I could be wrong. Someone will be. Predictions are all over the map. Some on both sides are claiming it's not even close. They just can't agree on who's winning.


For months I've been predicting that the presidential race will end in a "minor Romney landslide." This is rooted in three beliefs:

  1. that Mitt Romney plays far better to American voters at large that he does to the political in-crowd, and he plays far better to voters directly than when he and his message are filtered through the Big Media Acronyms (BMA) or through opposition campaign ads (in the primary or the general election) -- witness the unusual impact of the debates;
  2. that polls samples are very optimistic in the Democratic direction, assuming that turnout will lean as heavily to the left as it did in 2008, if not more so; given this, the polls should be favoring Obama a lot more than they have been, if his position is strong; and
  3. the Obama record and the state of the economy leave Obama in a fundamentally weak position, even with most of the BMA now functioning as the main propaganda arm of the Democratic National Committee.

(For the record, my first such prediction here at the blog came rather late, well after the Republican convention, because I haven't had time to blog much. But I was optimistic back in March, when I decided to support Romney myself.)

I've been explaining that I predict a "minor" landslide, because it won't be nearly as dramatic as a couple of elections in my lifetime, where the Democratic candidate (George McGovern in 1972 or Walter Mondale in 1984) won only a state or two. For the last week or two I've gone a little further, predicting that Romney will win 300 to 325 electoral votes -- well above the required 270.

My "minor Romney landslide" prediction has surprised people and, I expect, made some of them think I was letting desperate optimism detach me from reality. This is always a possibility. But lately I've been joined in this prediction by people with a lot more credibility than I have. I don't suggest that I am leading the likes of Michael Barone in these matters; he and others in his league (if there are any) -- and people two or three leagues below that -- cannot possibly know or care what I think. Still, it's nice to have more company than just Dick Morris.

By the way, Dick Morris's column the other day was headlined (at least at The Hill, where I saw it), "Here Comes the Landslide." The former Clinton advisor writes:

Voters have figured out that President Obama has no message, no agenda and not even much of an explanation for what he has done over the past four years. His campaign is based entirely on persuading people that Mitt Romney is a uniquely bad man, entirely dedicated to the rich, ignorant of the problems of the average person. As long as he could run his negative ads, the campaign at least kept voters away from the Romney bandwagon. But once we all met Mitt Romney for three 90-minute debates, we got to know him -- and to like him. He was not the monster Obama depicted, but a reasonable person for whom we could vote. . . .

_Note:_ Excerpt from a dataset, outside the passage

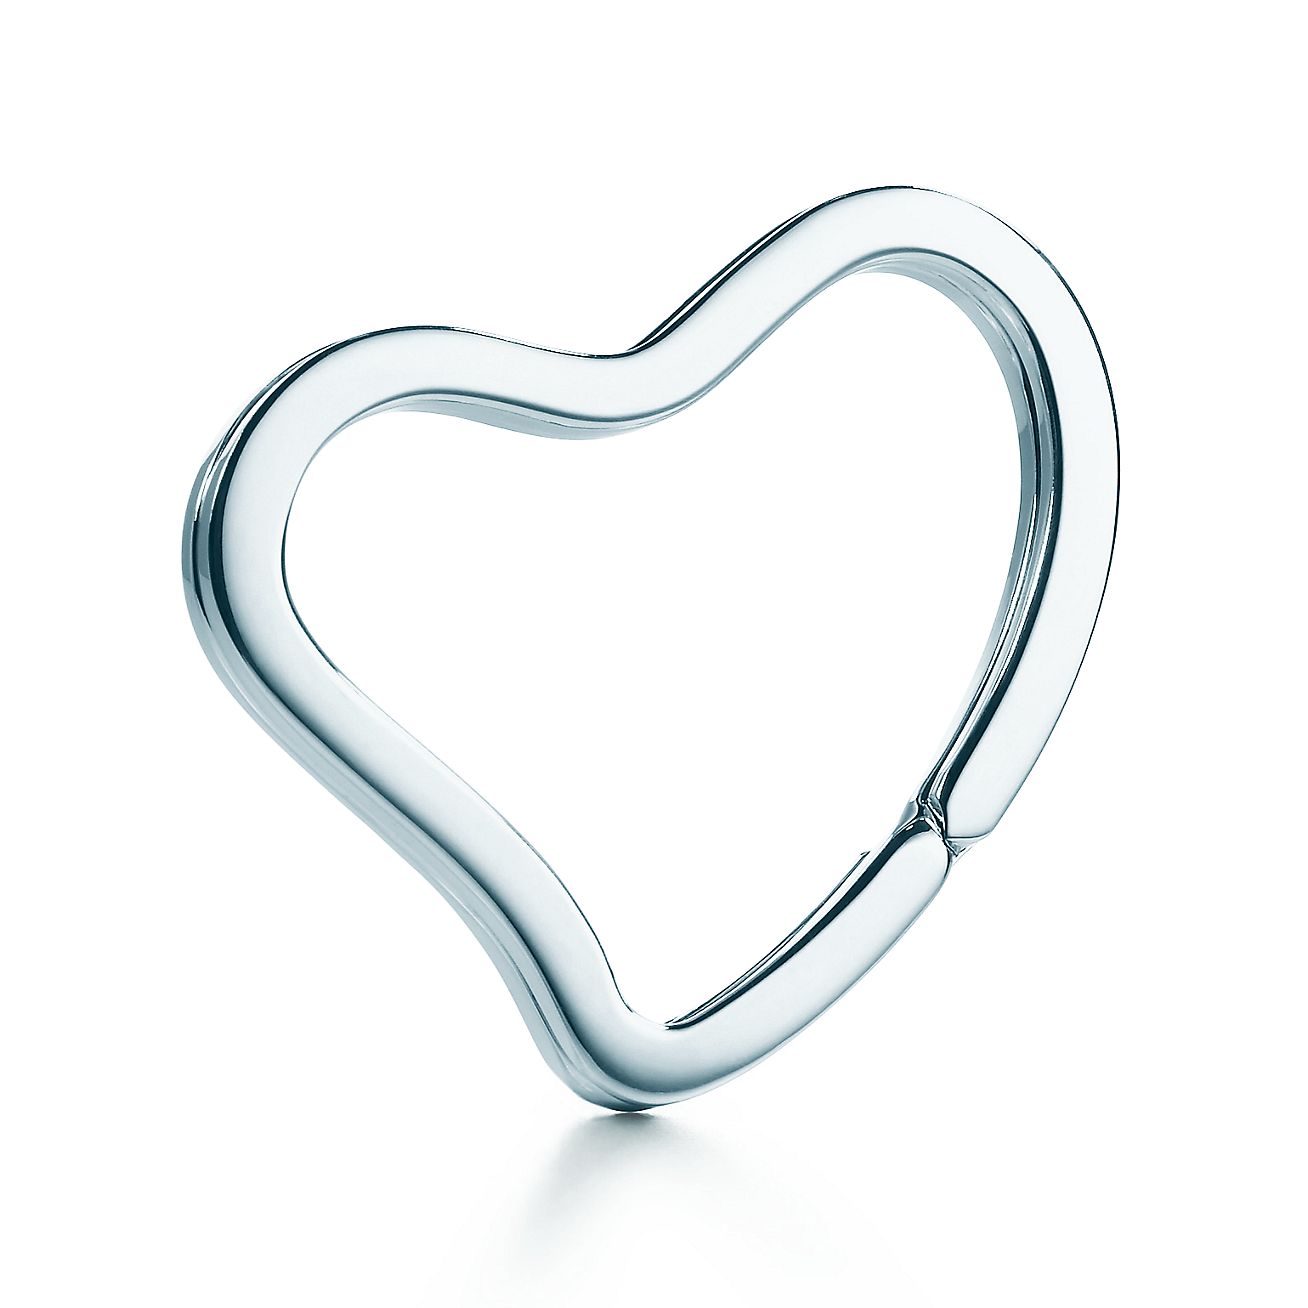 tiffany heart keychain

Once everyone discovers that the emperor has no clothes (or that Obama has no argument after the negative ads stopped working), the vote shift could be of historic proportions.

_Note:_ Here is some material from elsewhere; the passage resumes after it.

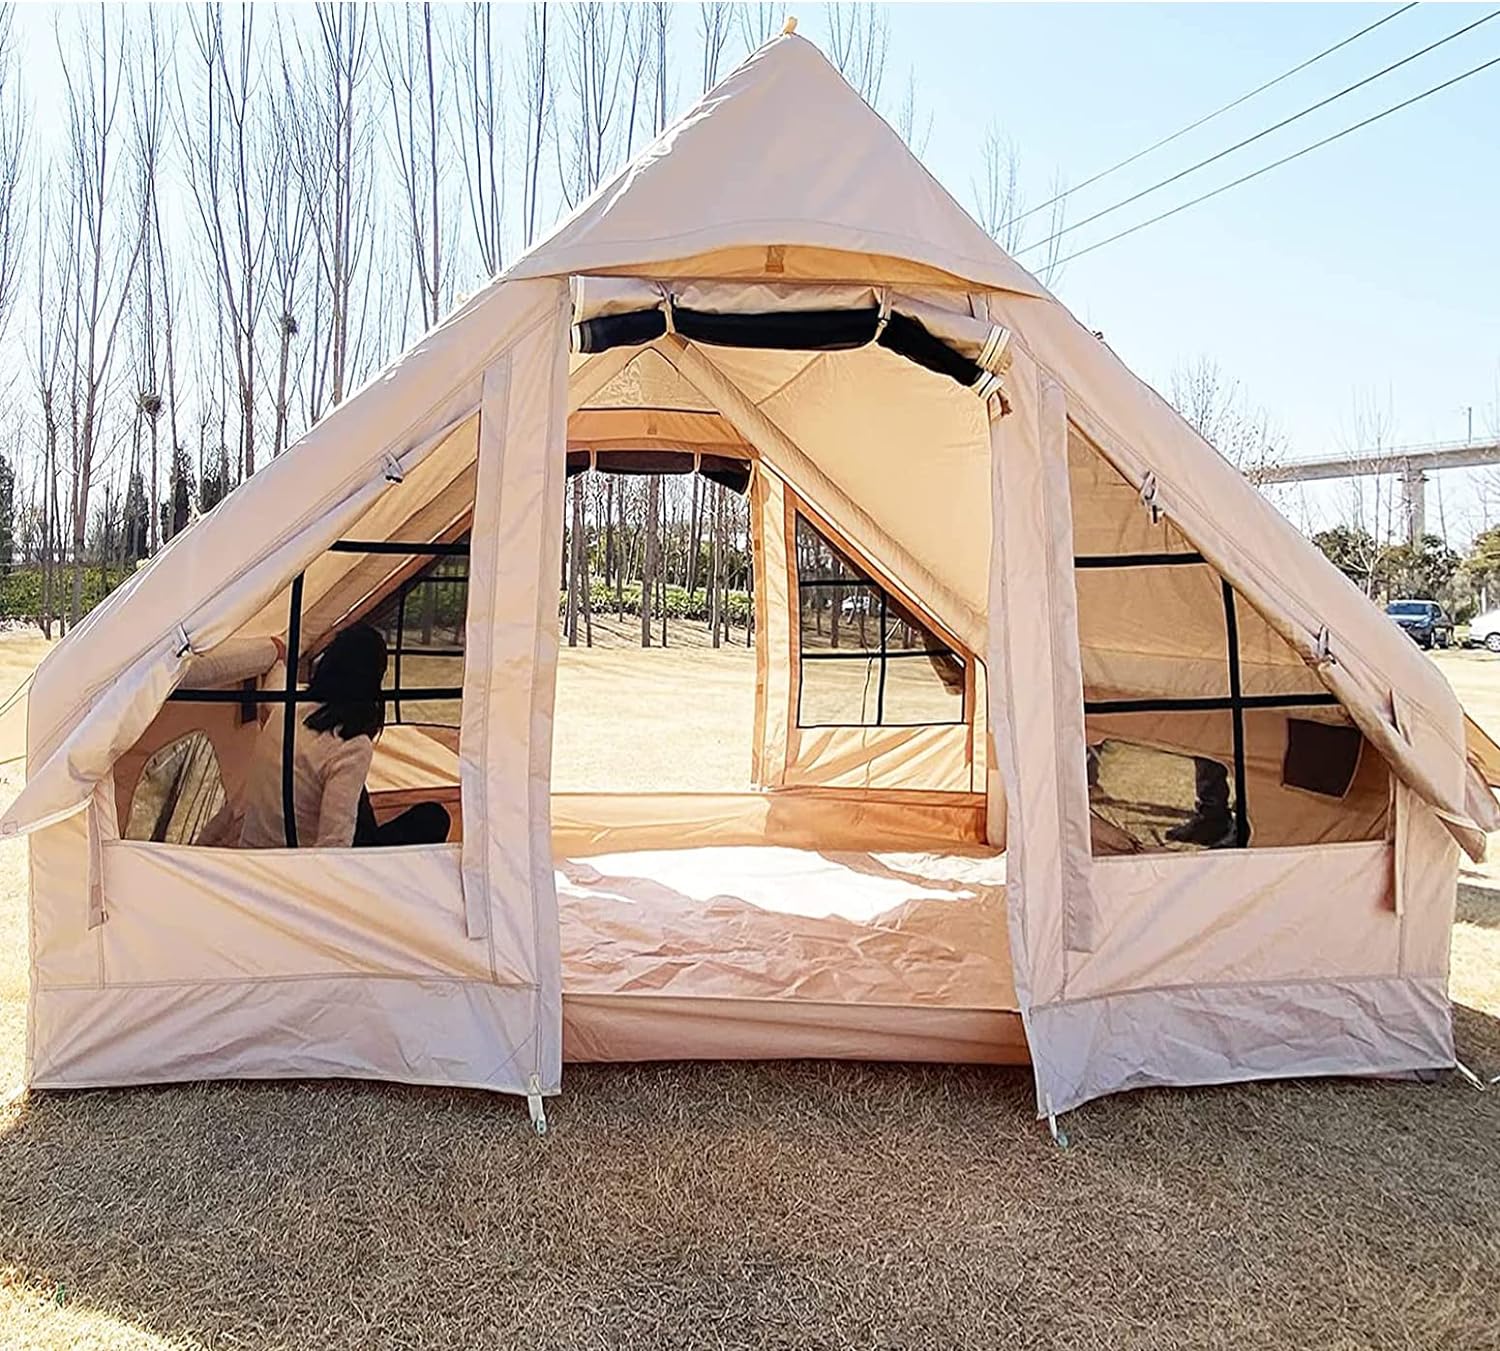 Lire la suite à propos de l’article Quelle est la meilleure marque de tente de camping ?

Morris predicts a "profound" impact on Senate races.

But let's get to Michael Barone, shall we? I won't quote a lot, because you should just read his Friday column, where he predicts Romney 315, Obama 223. He goes state by state, excluding the solid ones, predicting and briefly explaining the likely outcome, based on a lot more analysis than I have time to do.

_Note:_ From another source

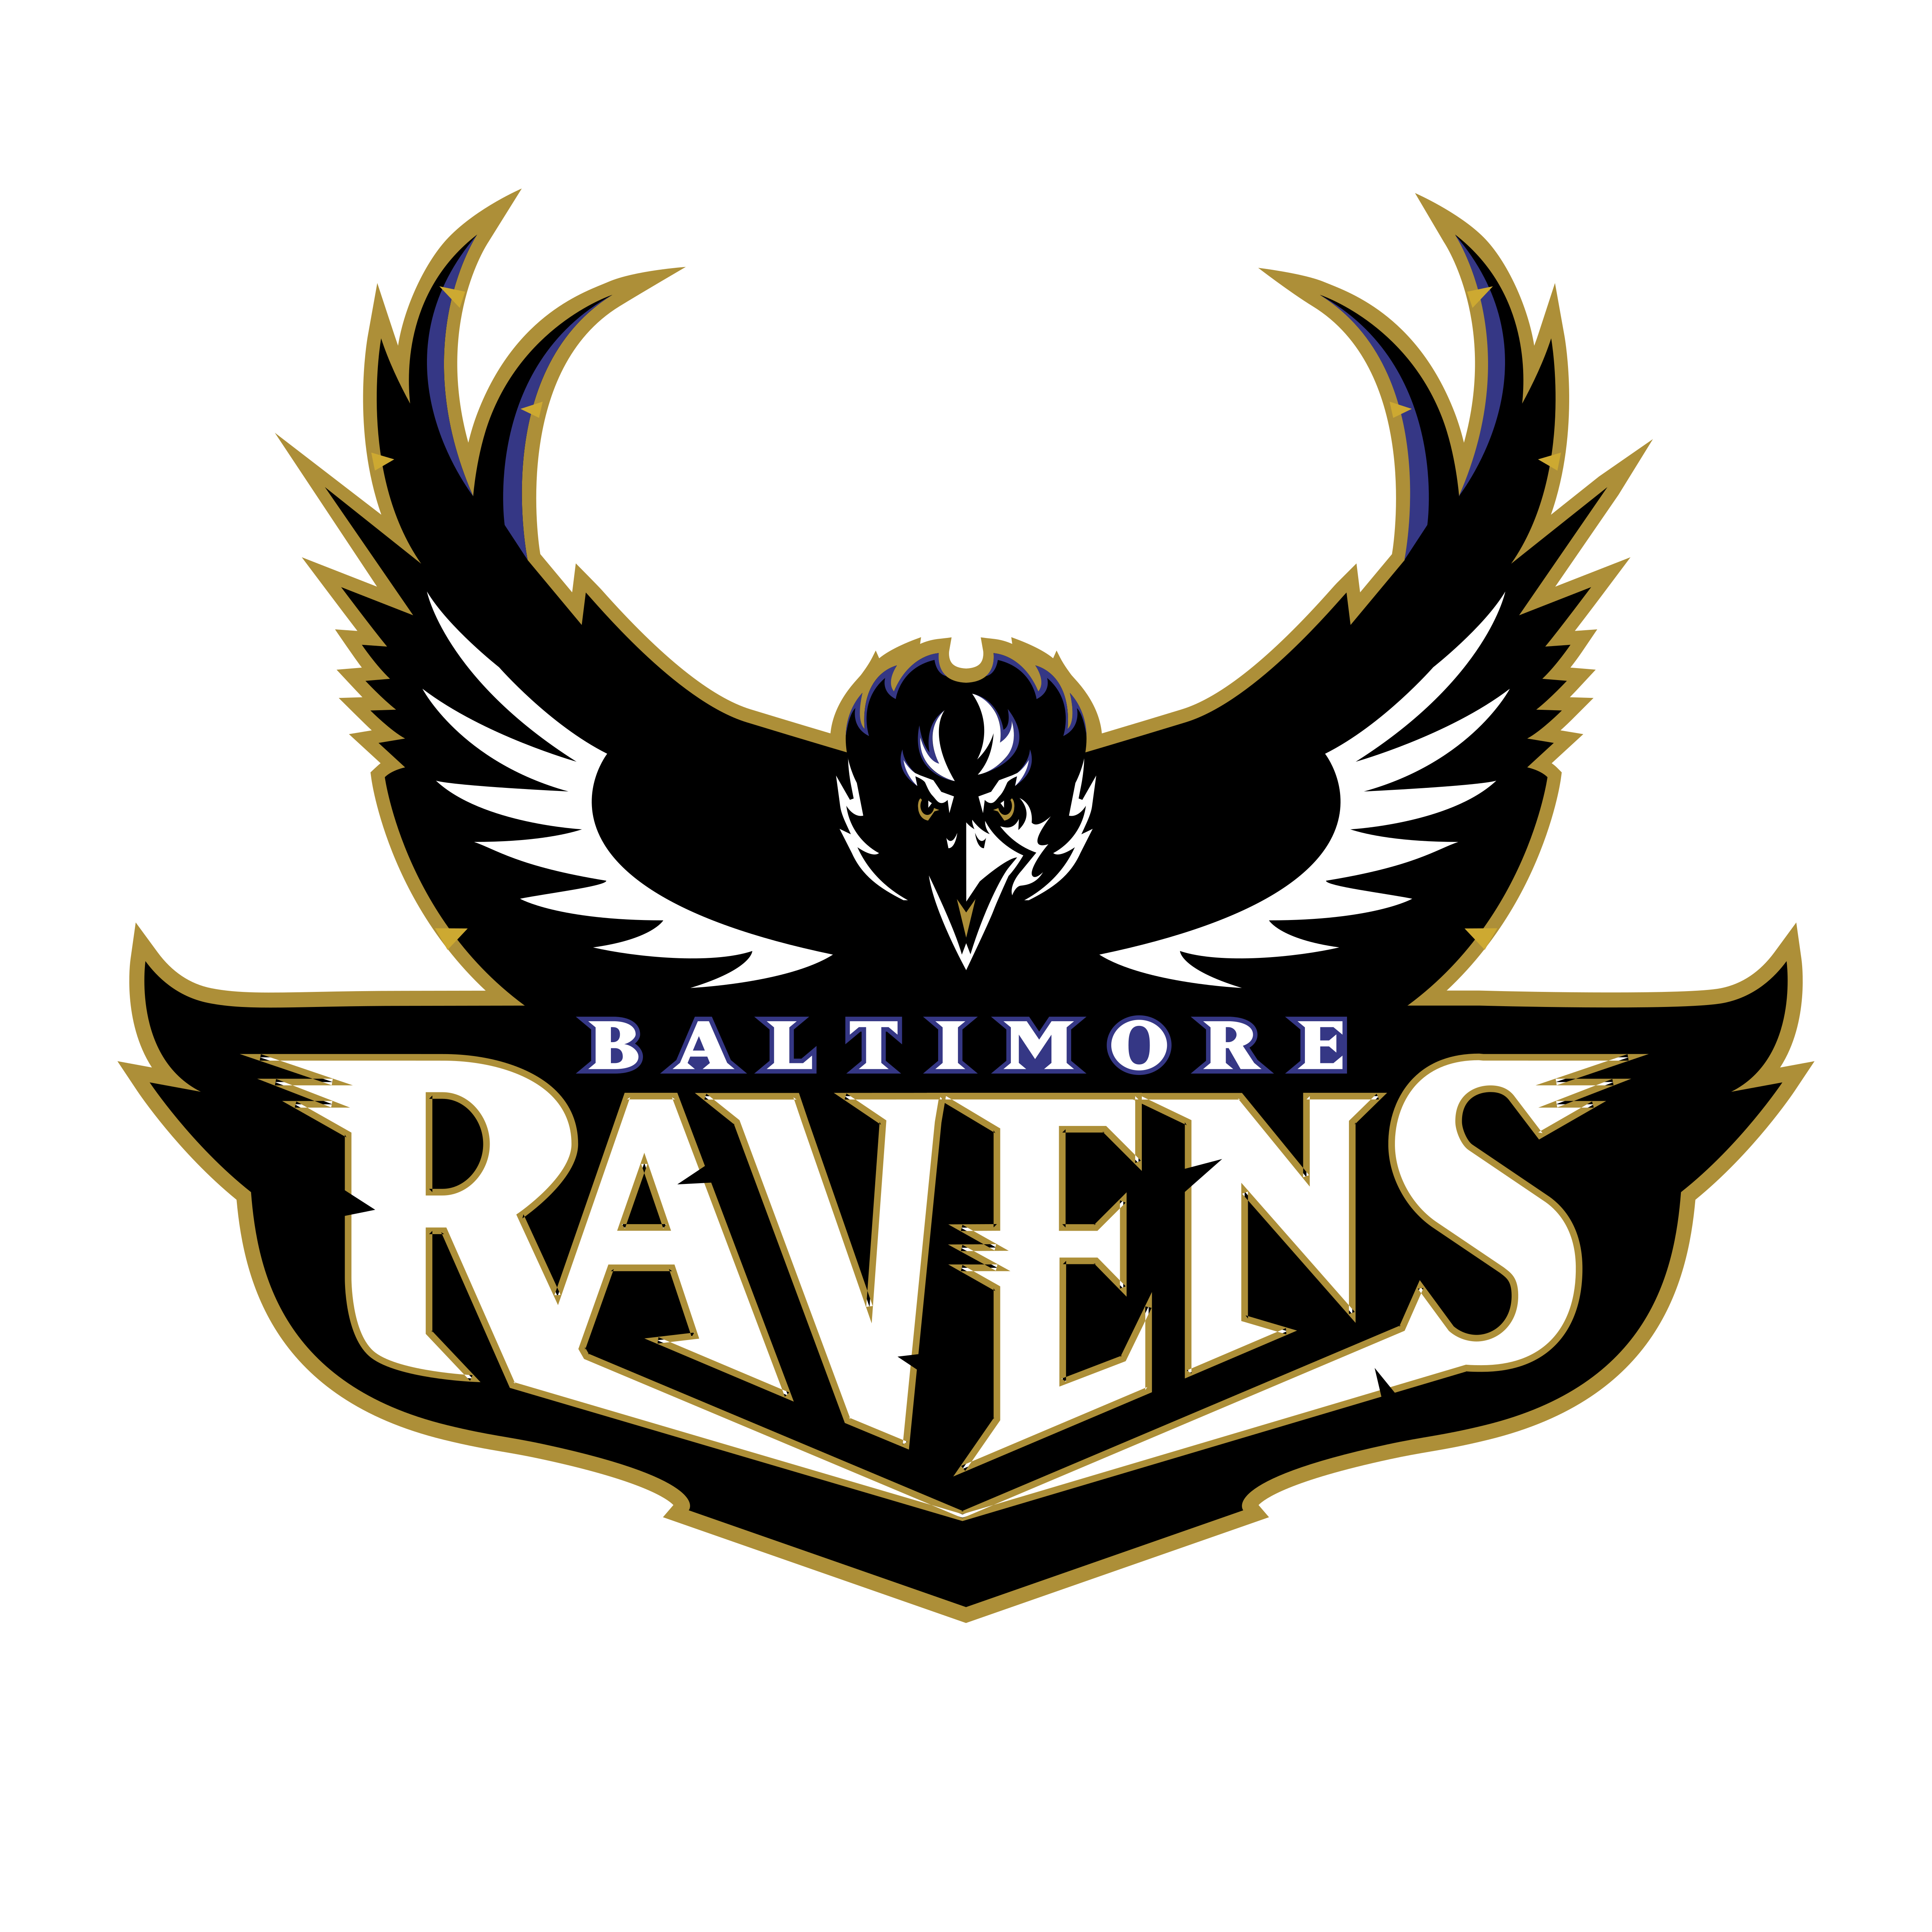 Baltimore Ravens Logo - Baltimore Ravens – Logos Download

Michael Graham isn't in Morris's league, let alone Barone's, but his headline in the Boston Herald is, "Mitt Romney set to win, maybe by a mile."

Others predict a less dramatic Romney victory. Jay Cost foretells a Romney victory but doesn't specify a margin. He's looking at polling, but not slavishly attached to it. He expects the election to turn on the economy "and little else," and a combination of Republican enthusiasm, defecting Democrats, and independent support of Romney to carry the day. Karl Rove, whom you will remember as the architect of George W. Bush's 2000 and 2004 victories, thinks the most important number is that Obama is polling at about 47 percent -- well below 50 percent -- and is unlikely to gain more than one percent in the actual vote. He predicts Romney will get 279 electoral votes or more.

This Romney optimism is palpable but hardly universal. A scan of headlines at RealClearPolitics on Friday and Saturday found these wildly disparate headlines:

  • Why Romney Is Likely to Win
  • Obama's Electoral College "Firewall" Holding
  • Mitt's Many Mistakes Will Doom Him
  • Don't Be Surprised When Obama Loses
  • Obama Set to Scrape Out a Victory
  • Obama in Good Shape with 3 Days Left
  • Time Is Running Out for Mitt Romney
  • Au Revoir, Mr. President

Then there's Paul Krugman, the Nobel laureate with such a bad case of ideological poisoning that you'd think he'd won the Peace Prize, not the Economics one. He's lashing out at reportage which says the race is close, because . . .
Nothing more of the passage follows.